Origine: USA 2004. Durata: 100'.
Sistemato
dal supercritico Roger Ebert nello scaffale di classici come Il
mago di Oz e La vita è meravigliosa e stroncato da Variety
come "un ambizioso passo falso", Polar Express è una scommessa
da 170 milioni di dollari che per ora non ha trovato adeguata accoglienza
presso il pubblico d'oltreoceano. Potrebbe rifarsi sul vecchio Continente,
anche se la favoletta tratta dal libro scritto e illustrato di Chris
Van Allsburg (1985) è quanto di più americano si può immaginare.

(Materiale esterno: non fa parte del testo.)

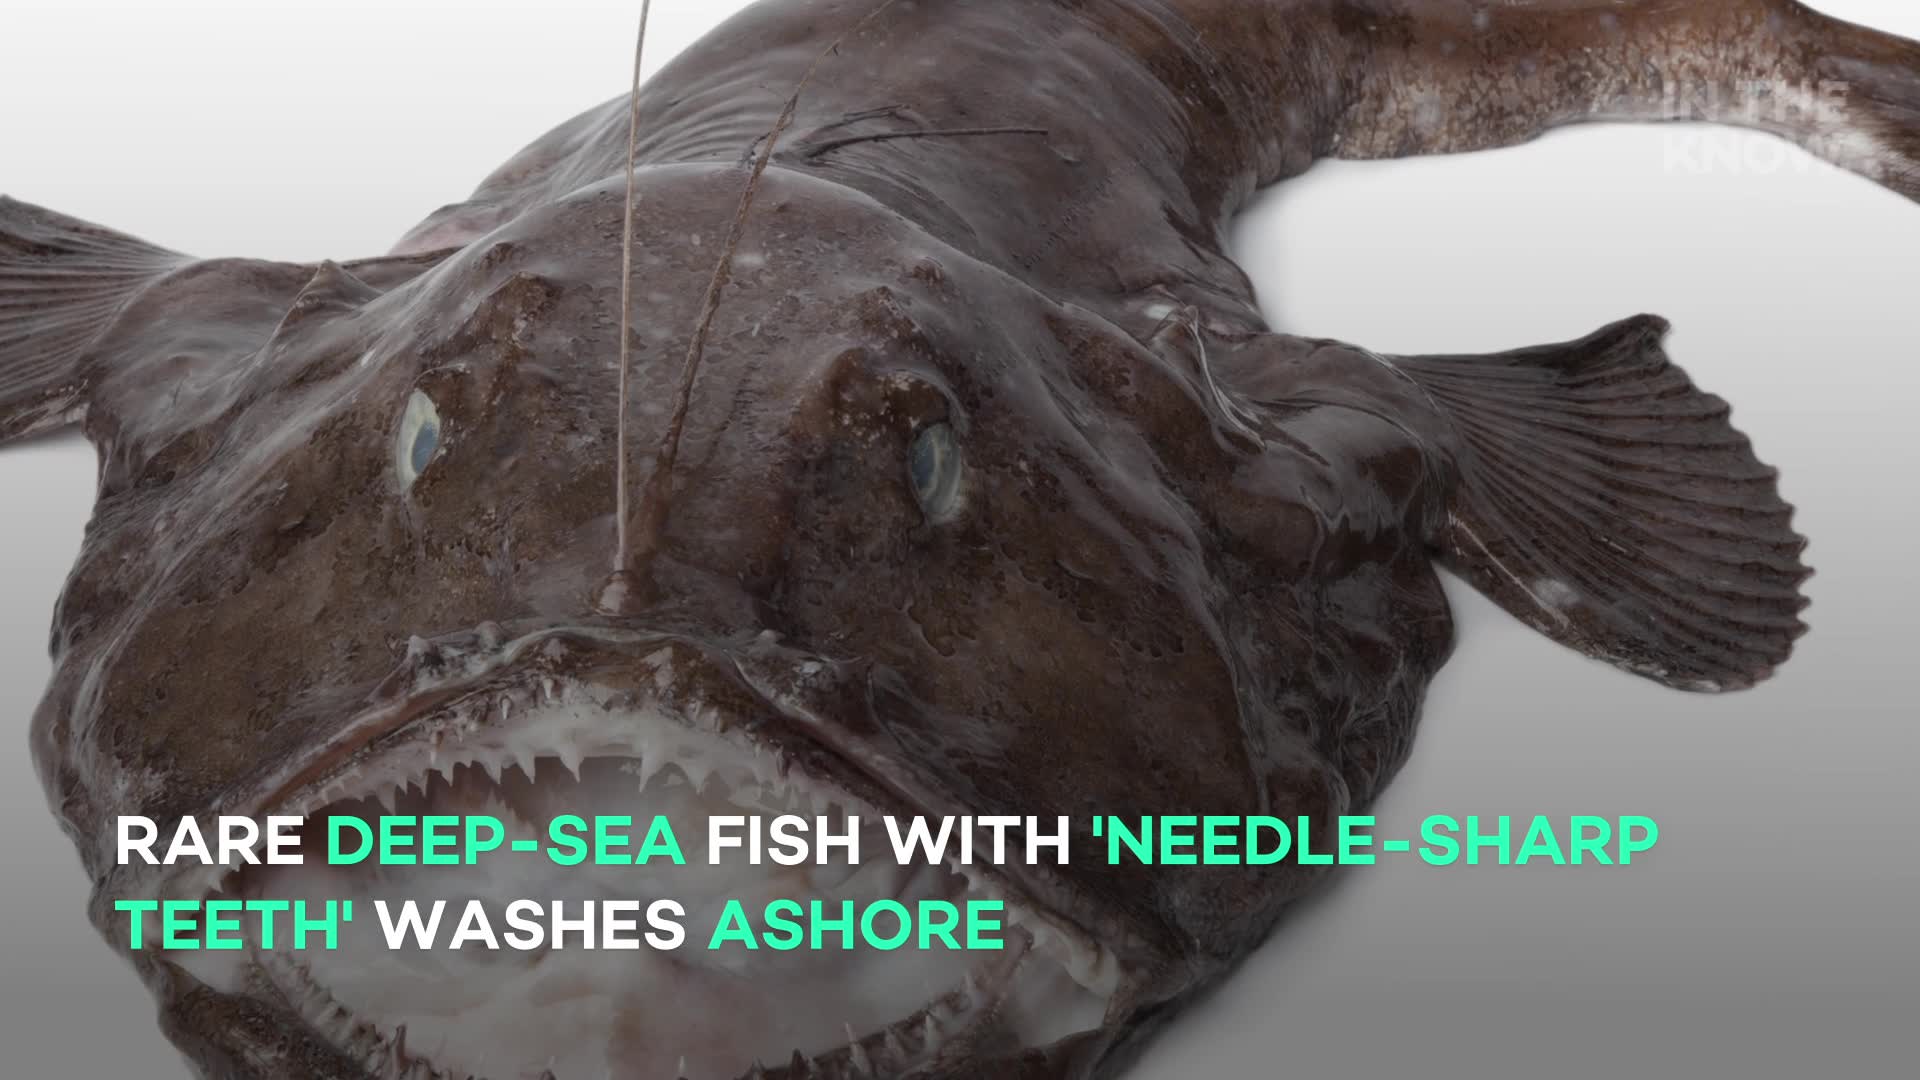 Rare deep-sea fish with 'needle-sharp teeth' washes ashore
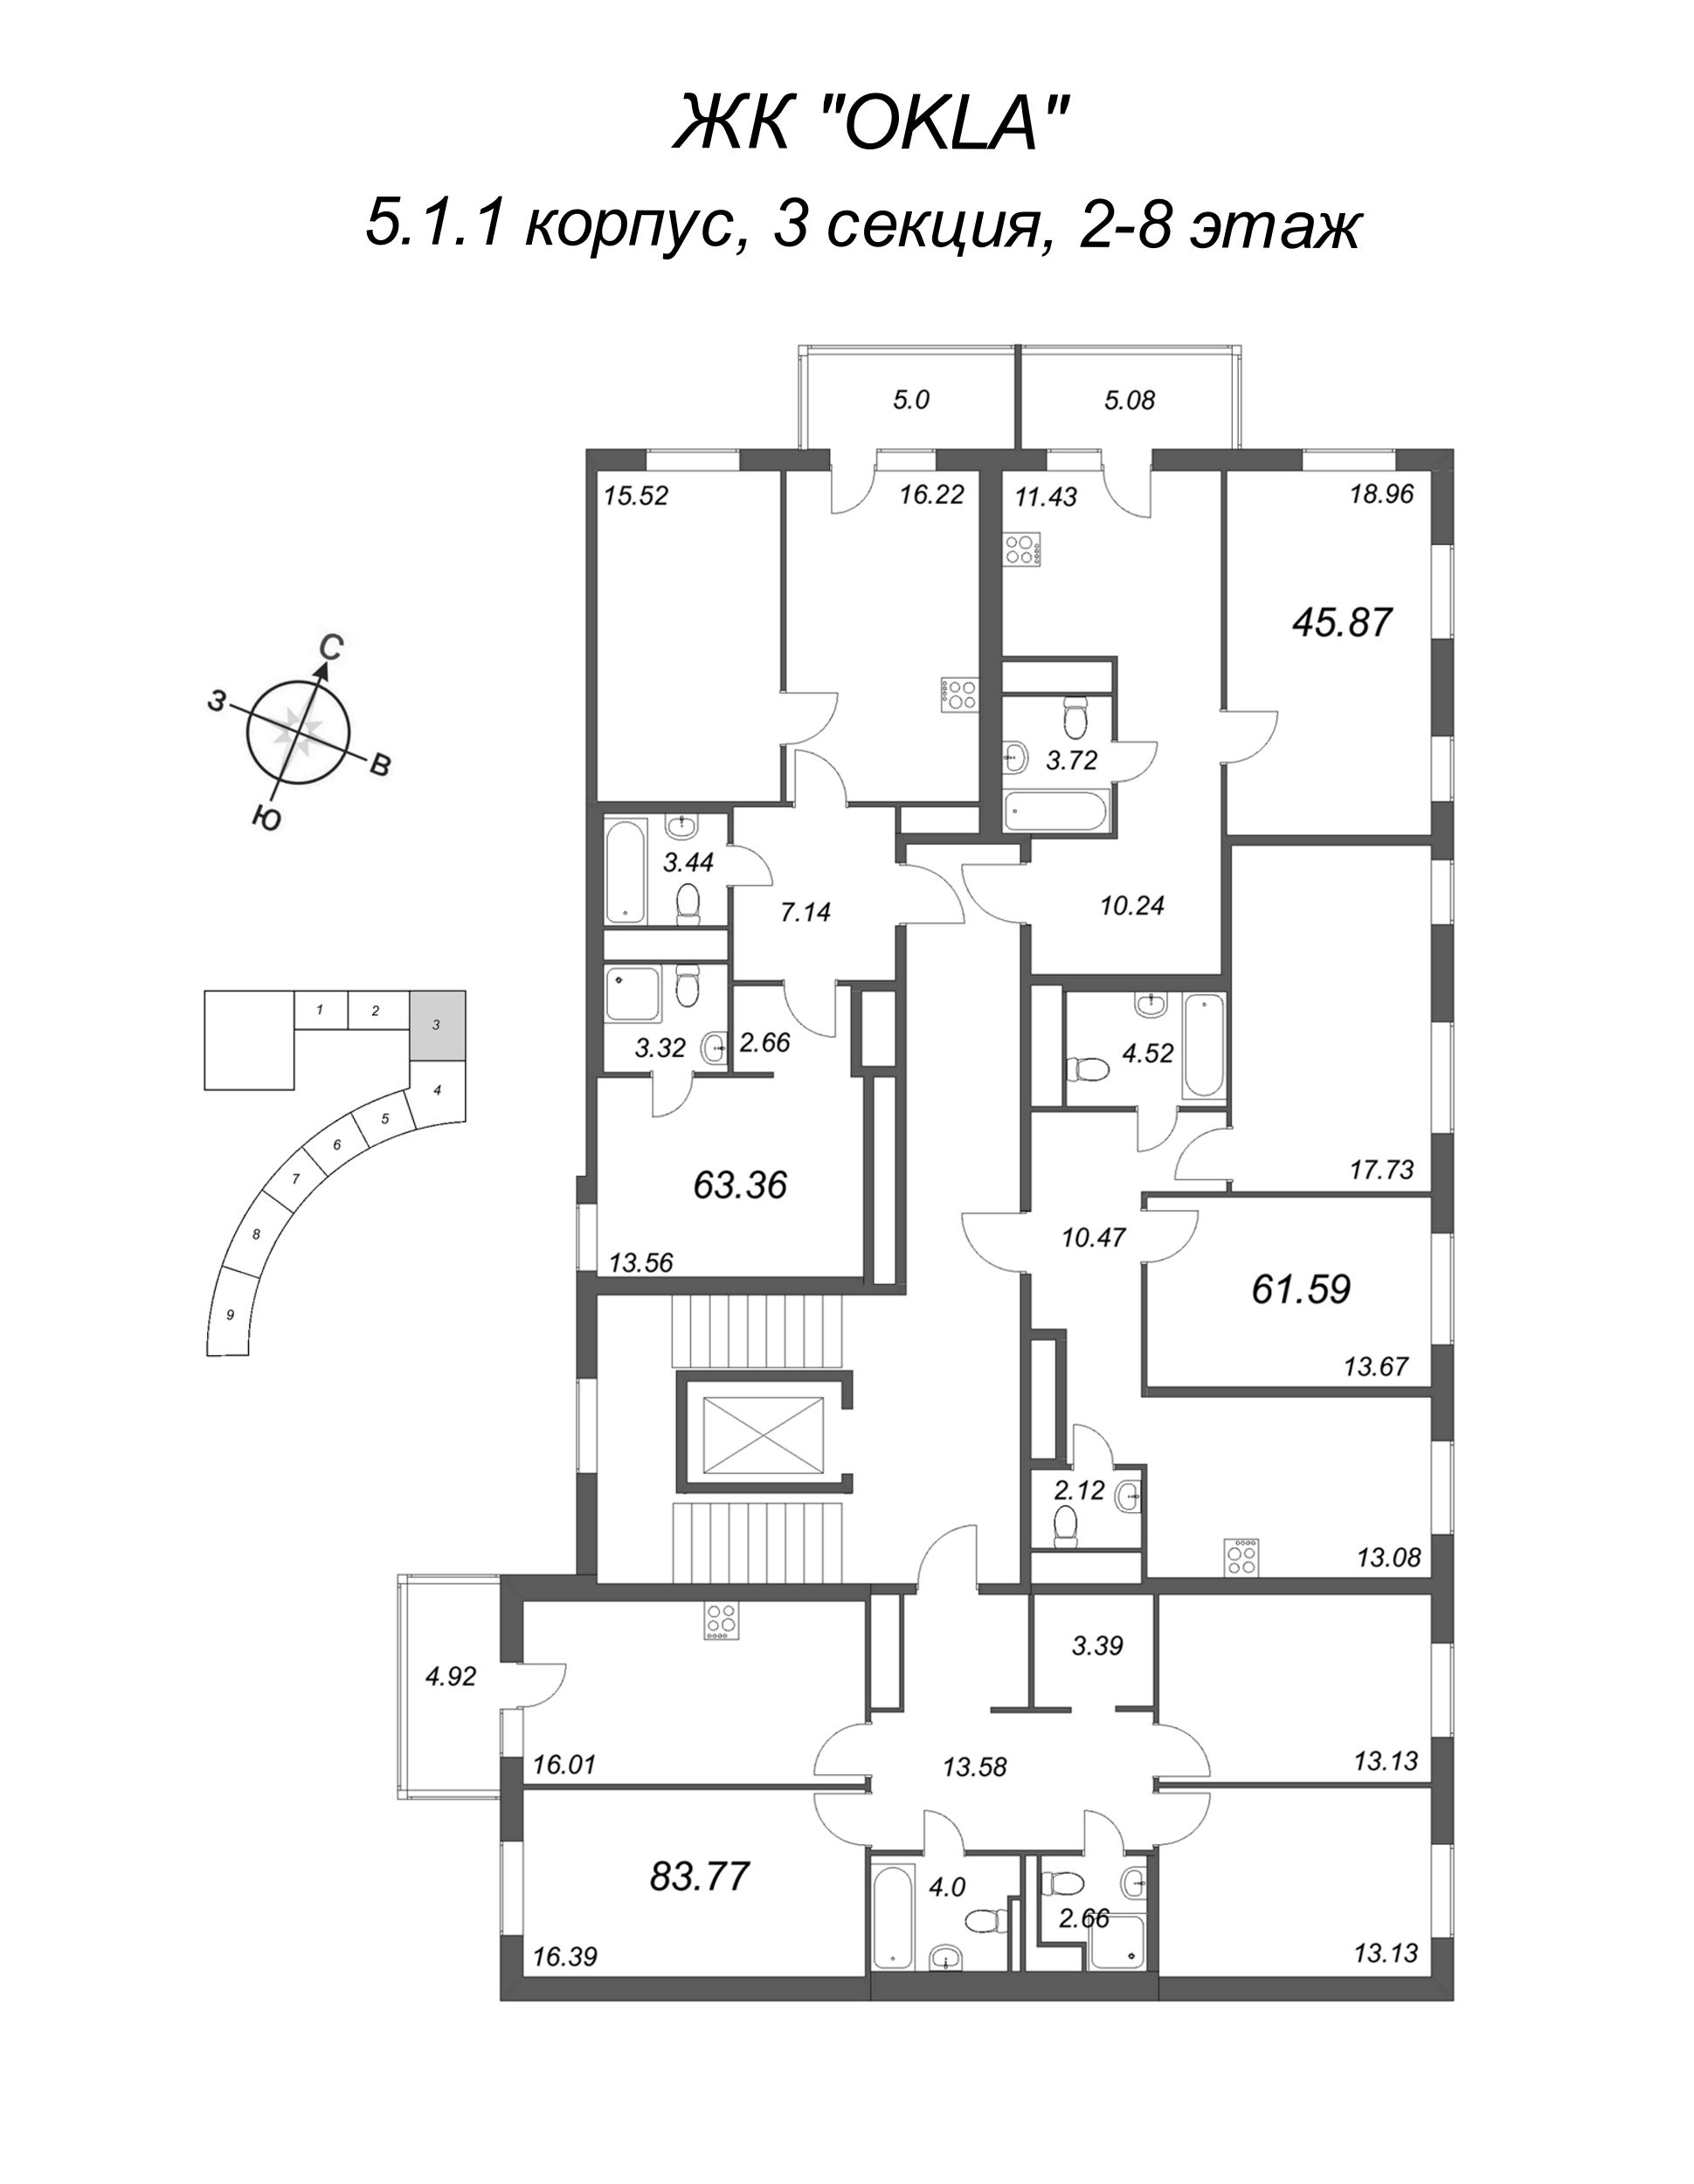 4-комнатная (Евро) квартира, 87.22 м² - планировка этажа

Nella notte di Natale un bambino senza nome è svegliato da un magico
treno che si ferma davanti a casa sua, ci salta su e fra mille peripezie
arriva al Polo Nord dove ottiene da Babbo Natale un campanello della
slitta. In seguito il bimbo smarrisce il dono e paradossalmente,
tornato a casa, lo ritrova fra i pacchetti sotto l'albero. Il suono
di quel campanello, che gli adulti non percepiscono, lo accompagnerà
per tutta la vita.
Siamo dalle parti di Little Nemo, con il protagonista che
vive la sua grande avventura in pigiama, fra i dialoghetti con il
conduttore, l'incontro con un barbone fantasma sul tetto del treno,
le accelerazioni vorticose in stile montagne russe, la crosta del
lago ghiacciato che si rompe sotto il peso dei vagoni, l'invasione
dei caribù sui binari e via inventando fino all'arrivo nella capitale
del Polo Nord invasa dai nanetti che impaccano i regali. La morale
della favola riguarda infatti la necessità di conservare, finché
possibile, lo sguardo incantato e la disponibilità dei nostri figli
o nipoti. Evidentemente Tom Hanks, unico personaggio in carne e
ossa in un contesto di figure computerizzate, è fra i fortunati
che ce l'hanno fatta a restare un po' ragazzini. In questo film
da lui ideato e prodotto, questo Peter Pan del cinema dà voce e
ispirazioni mimiche a molti fra i personaggi che vi compaiono; lo
asseconda il regista Robert Zemeckis, che tra scenografie incantate
e musiche di circostanza imprime un pimpante ritmo narrativo a una
confezione di incantevole eleganza. Pur finito sotto le forche caudine
di critici che si considerano troppo adulti per certe bambinate,
Polar Express sembra il film fatto apposta per ricordare
a grandi e piccini che Natale è sempre Natale.
Tullio
Kezich
Robert Zemeckis
nasce a Chicago nel 1952. Produttore, sceneggiatore e regista, esordisce
nel 1972 con il corto The Lift. Firma complessivamente venti
lungometraggi, tra i quali si segnalano: All'inseguimento della
pietra verde (1984), la trilogia di Ritorno al futuro
(1985, 1989, 1990), Chi ha incastrato Roger Rabbit? (1988),
Forrest Gump (1994), Cast Away (2000).